IP: it's not just JIPLP

Given the pervasive nature of intellectual property, it is hardly surprising that the Journal of Intellectual Property Law & Practice (JIPLP) is not the only Oxford University Press periodical to cover it.

The current issue of the Journal of European Competition Law & Practice (JECLP), for example, carries a piece which addresses a technical and difficult area involving the confidentiality of corporate statements.  In his article "Leniency Programmes and Protection of Confidentiality: The Experience of the European Commission",  Antonio Caruso amplifies on the following theme, as described in his abstract:
"The principle of confidentiality of leniency submissions is a key point of the EU Leniency Programme. Largely drawn from the functioning of the US programme, the EU Leniency Programme gradually strengthened the protection of the confidentiality of leniency submissions, in order not to put at a disadvantage leniency applicants compared to non-applicants. Protection is nevertheless not absolute and varies depending on the entities that interact with the Commission, such as parties to the proceedings, third parties, foreign, EU Member States' judges or other authorities. 
The legal framework is complex: leniency submissions are covered by the notion of ‘professional secrecy’ (Art. 339 of TFEU) and considered in principle confidential, for the purposes of Regulation 1049/2001 and the publication of decisions.

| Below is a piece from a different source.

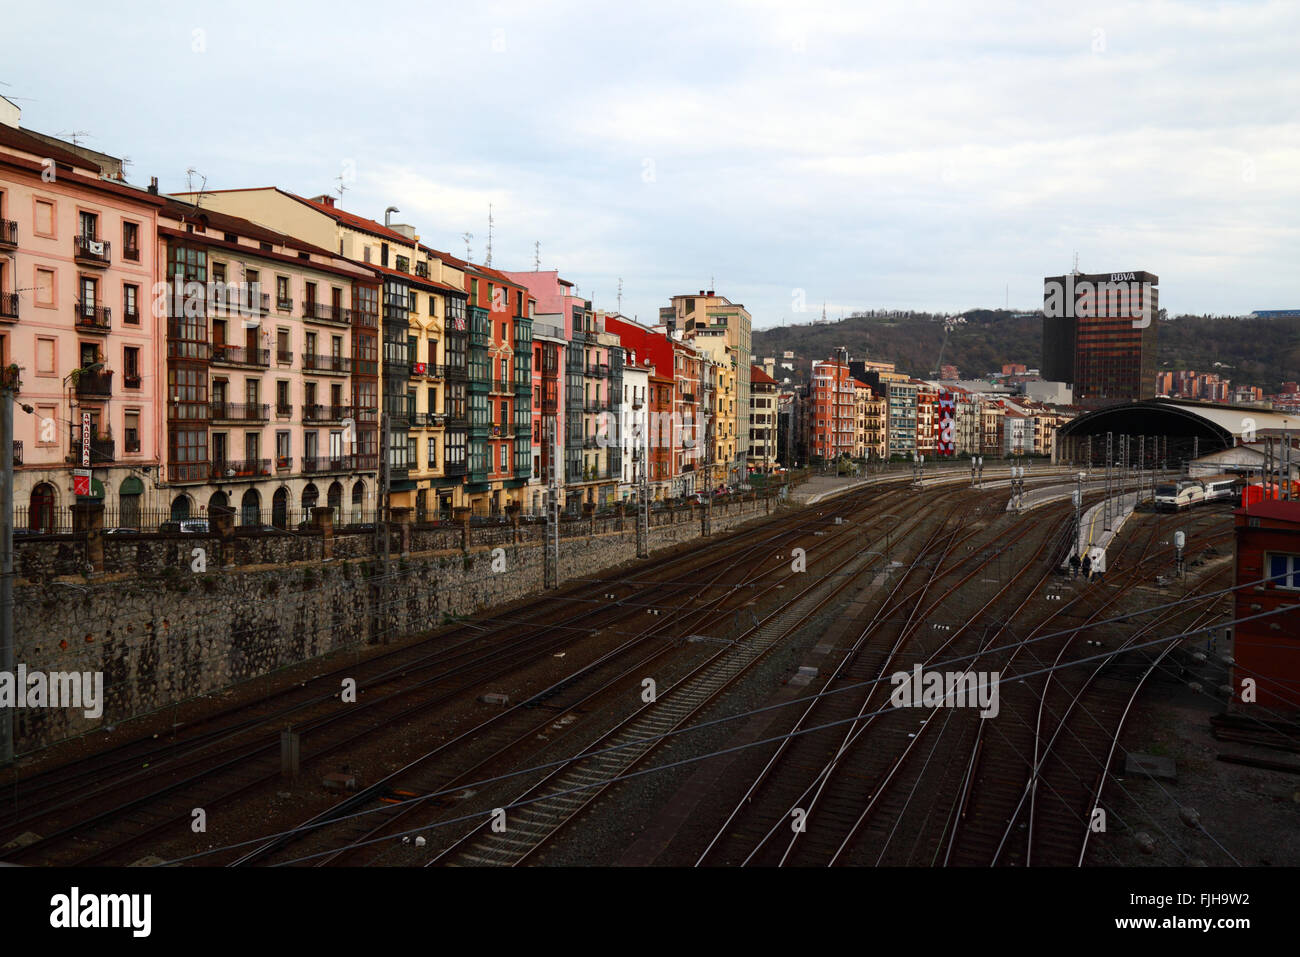 Renfe train électrique près de la gare Abando Indalecio Prieto, Bilbao, Pays Basque, Espagne Banque D'Images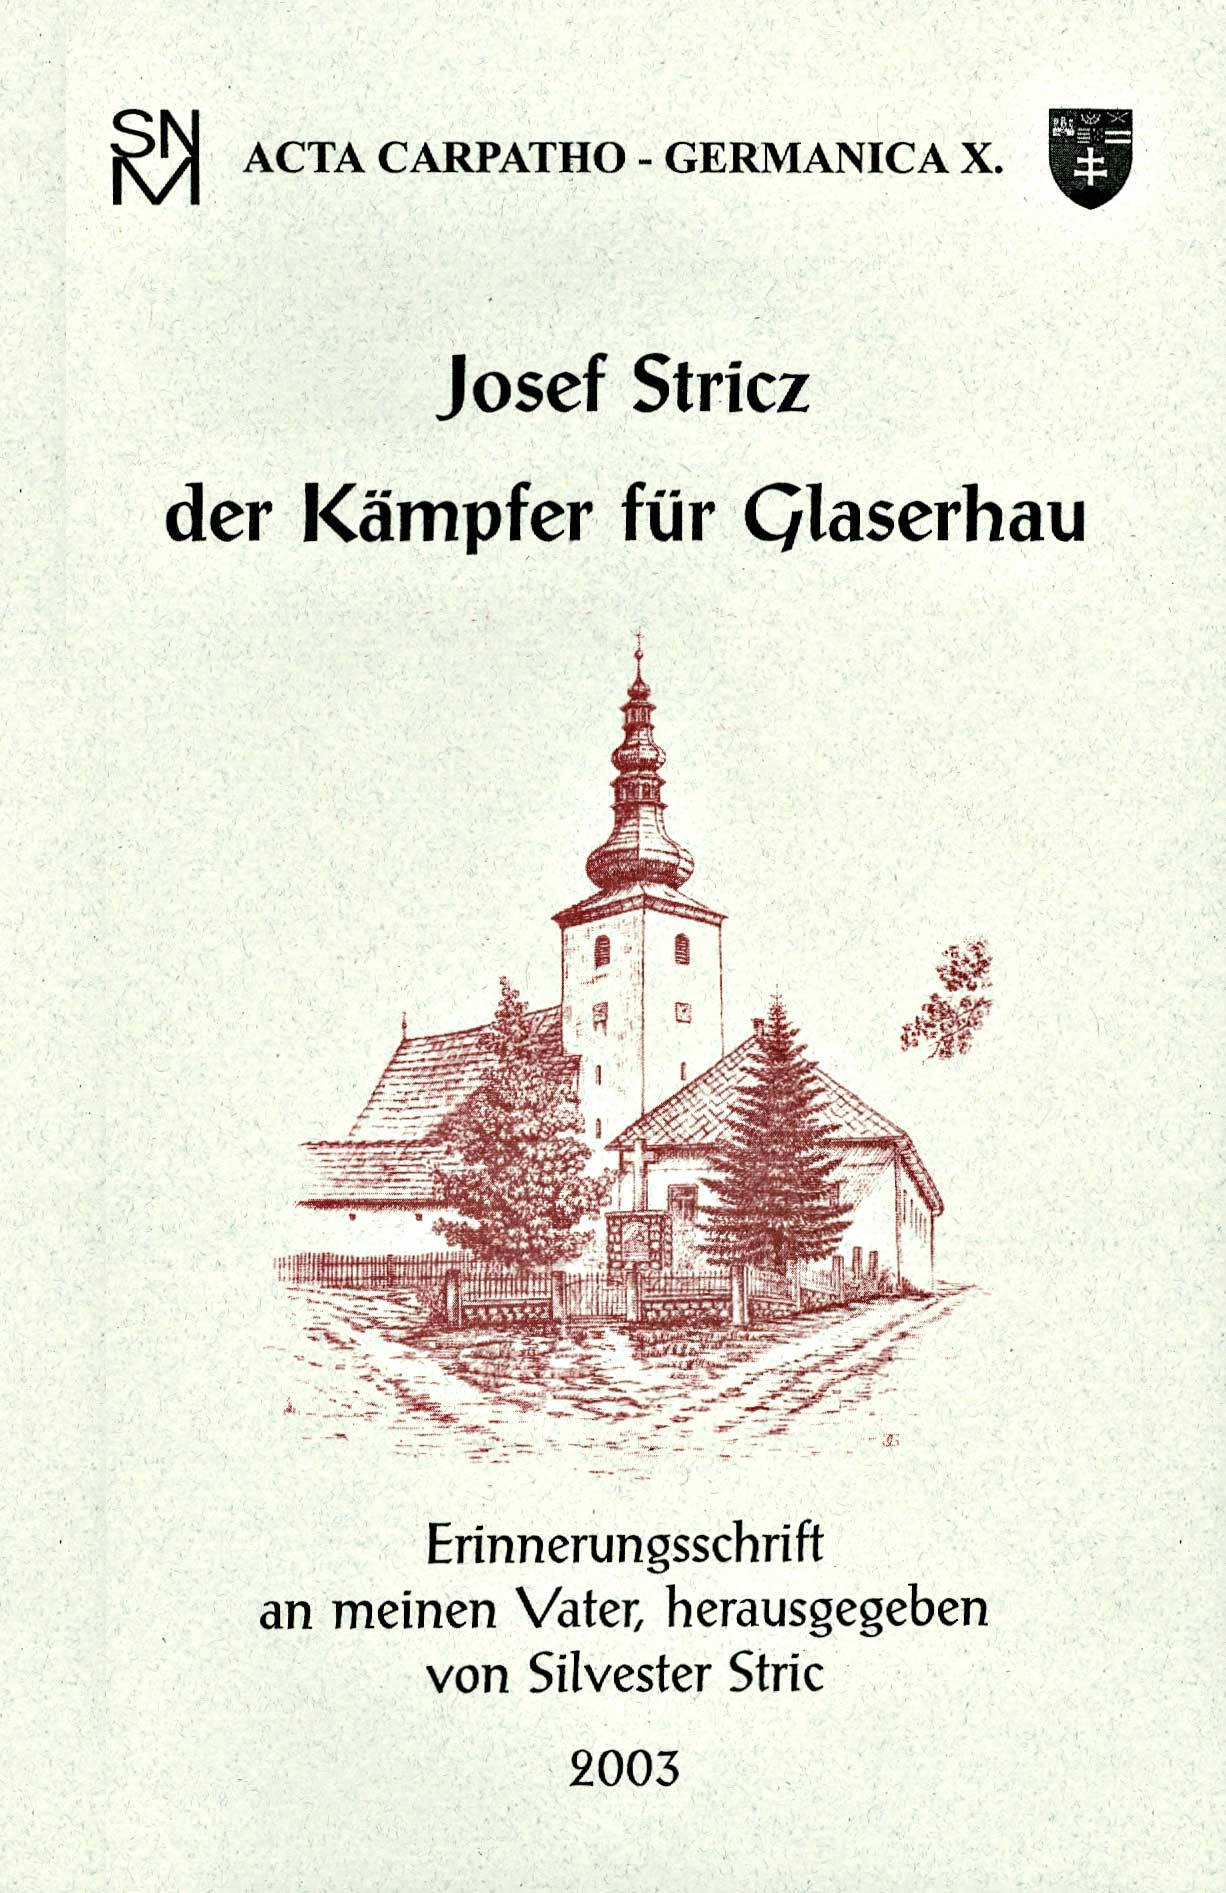 Josef Stricz. Der Kämpfer für Glaserhau.

Their disclosure is subject to very specific conditions before judges/national authorities. Whereas EU Courts will be prompted in forthcoming key cases to scrutinize the status of confidentiality of leniency submissions under Regulation 1049/2001 and other regimes, Commission policy remains aimed at protecting the confidential status of corporate statements in all circumstances, whereas enabling disclosure of pre-existing documents only subject to certain conditions".
Available on advance access is a somewhat less intimidating topic for mainline IP practice: the Current Intelligence note by Christopher Stothers (incidentally, a member of the JIPLP editorial board), "Trade mark owner can object to resale of ‘perfume testers’".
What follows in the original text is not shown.